Name of the Procedure:

Closed Treatment of Carpal Scaphoid (Navicular) Fracture; with Manipulation

Summary

This procedure involves the non-surgical (closed) realignment and stabilization of a fractured carpal scaphoid bone in the wrist, using manual techniques.

Purpose

This procedure addresses fractures of the carpal scaphoid (navicular) bone, a common wrist injury.
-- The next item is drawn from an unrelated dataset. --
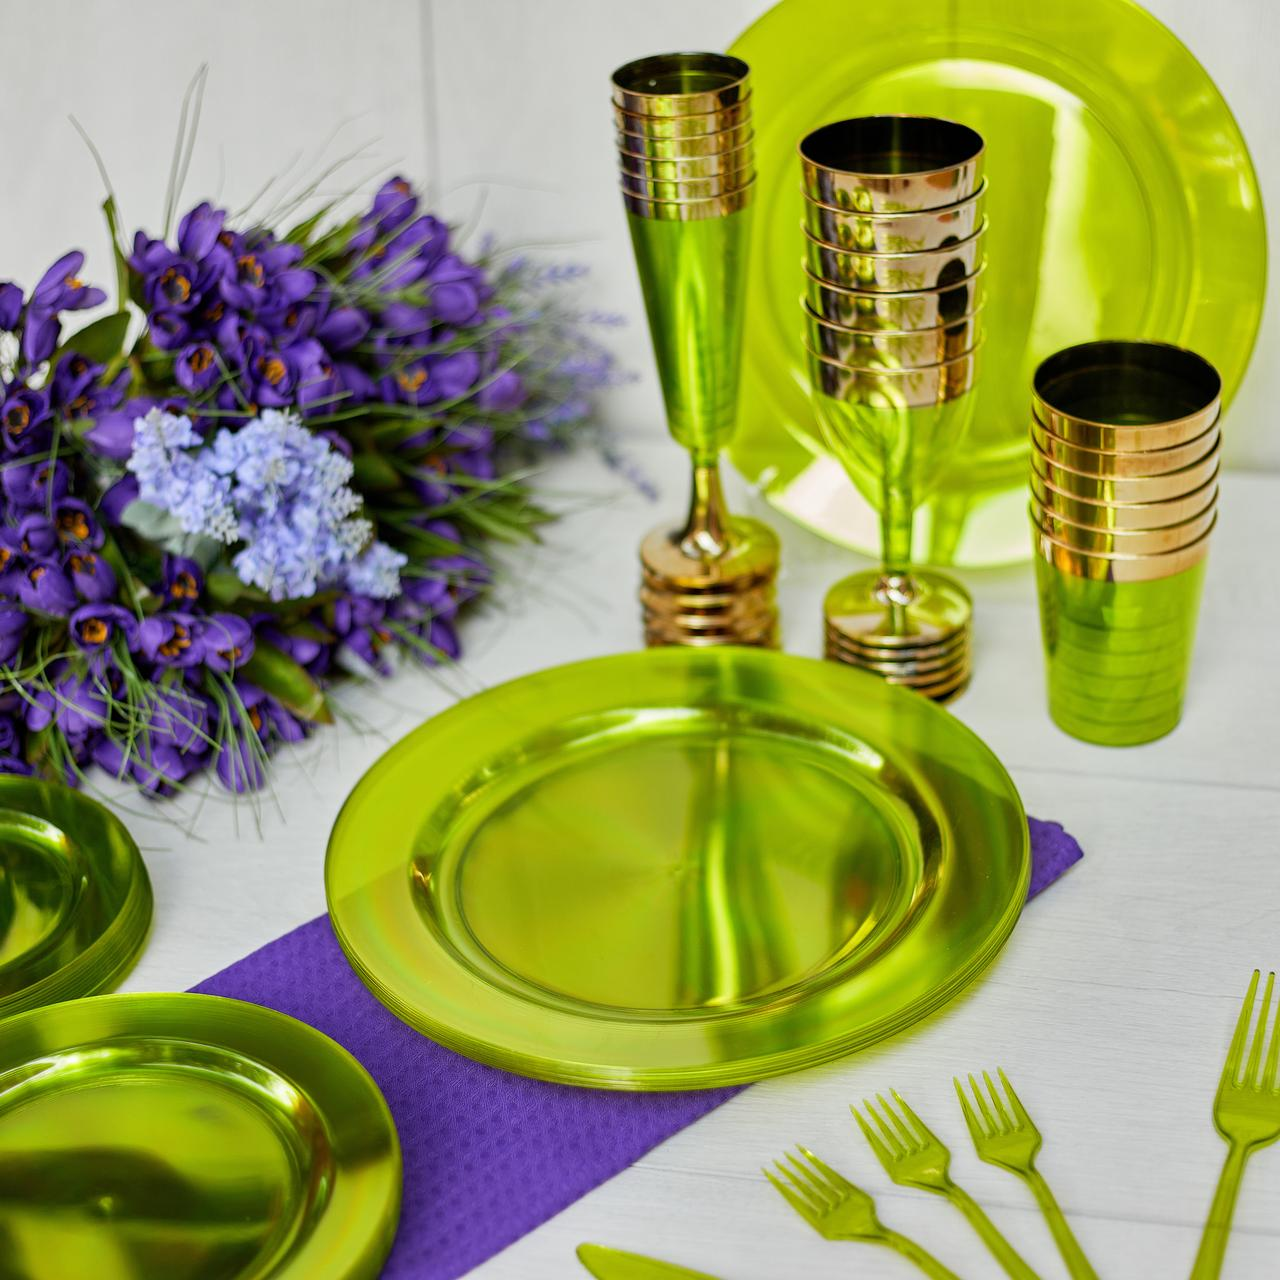 Одноразовая посуда тарелки 6 шт 260 мм  оптом от производителя для ресторанов, кейтеринга, хореки CFP

The goal is to realign the bone fragments, stabilize the bone for proper healing, and restore wrist function while preventing complications.

Indications

  • Acute pain, swelling, and tenderness in the wrist following trauma.
  • X-ray or imaging diagnosis confirming a fracture of the carpal scaphoid bone.
  • Patients unable to undergo surgical intervention or those for whom closed treatment is deemed appropriate.

Preparation

  • The patient may be asked to fast for a few hours if sedation is to be used.
  • Adjustment or temporary cessation of certain medications, such as blood thinners, may be necessary.
  • Diagnostic tests like X-rays, CT scans, or MRIs are performed to assess the fracture.

Procedure Description

  1. The patient is positioned comfortably, typically lying down.
  2. Sedation or local anesthesia is administered to minimize discomfort.
  3. The healthcare provider uses manual manipulation techniques to realign the fractured bone fragments.
  4. Immobilization is achieved using a cast, splint, or brace to maintain proper alignment during the healing process.
  5. Follow-up X-rays are taken to ensure proper alignment.

Duration

The procedure typically takes about 30 minutes to an hour, depending on the complexity of the fracture.

Setting

This procedure is usually performed in an outpatient clinic, emergency room, or a surgical center.

Personnel

  • Orthopedic surgeon or emergency physician
  • Nurse or medical assistant
  • Anesthesiologist or nurse anesthetist (if sedation is used)

Risks and Complications

  • Infection
  • Nonunion or delayed union of the fracture
  • Malalignment
  • Stiffness or reduced range of motion in the wrist
  • Potential need for surgical intervention if closed treatment is unsuccessful

Benefits

  • Non-surgical approach, reducing risks associated with surgery.
  • Shorter recovery time compared to open surgical procedures.
  • Immediate pain relief and improved function in the wrist.

Recovery

  • The patient will need to wear a cast or splint for several weeks.
  • Regular follow-up appointments are necessary for X-rays and to monitor healing.
  • Gradual return to normal activities; physical therapy may be recommended.
  • Complete recovery may take several months, with restrictions on heavy lifting or wrist-intensive activities.

Alternatives

  • Open surgical treatment to directly visualize and fixate the bone using screws or pins.
  • Application of bone stimulators to enhance fracture healing.
  • Pros and cons: Open surgery may provide more rigid fixation but comes with higher surgical risks and longer recovery.

Patient Experience

  • The patient may feel pressure or mild pain during manipulation, which is mitigated by sedation or local anesthesia.
  • Post-procedure, there might be mild pain and swelling, managed with pain relievers and ice packs.
  • Discomfort typically subsides within a few days, with significant functional improvement as the bone heals.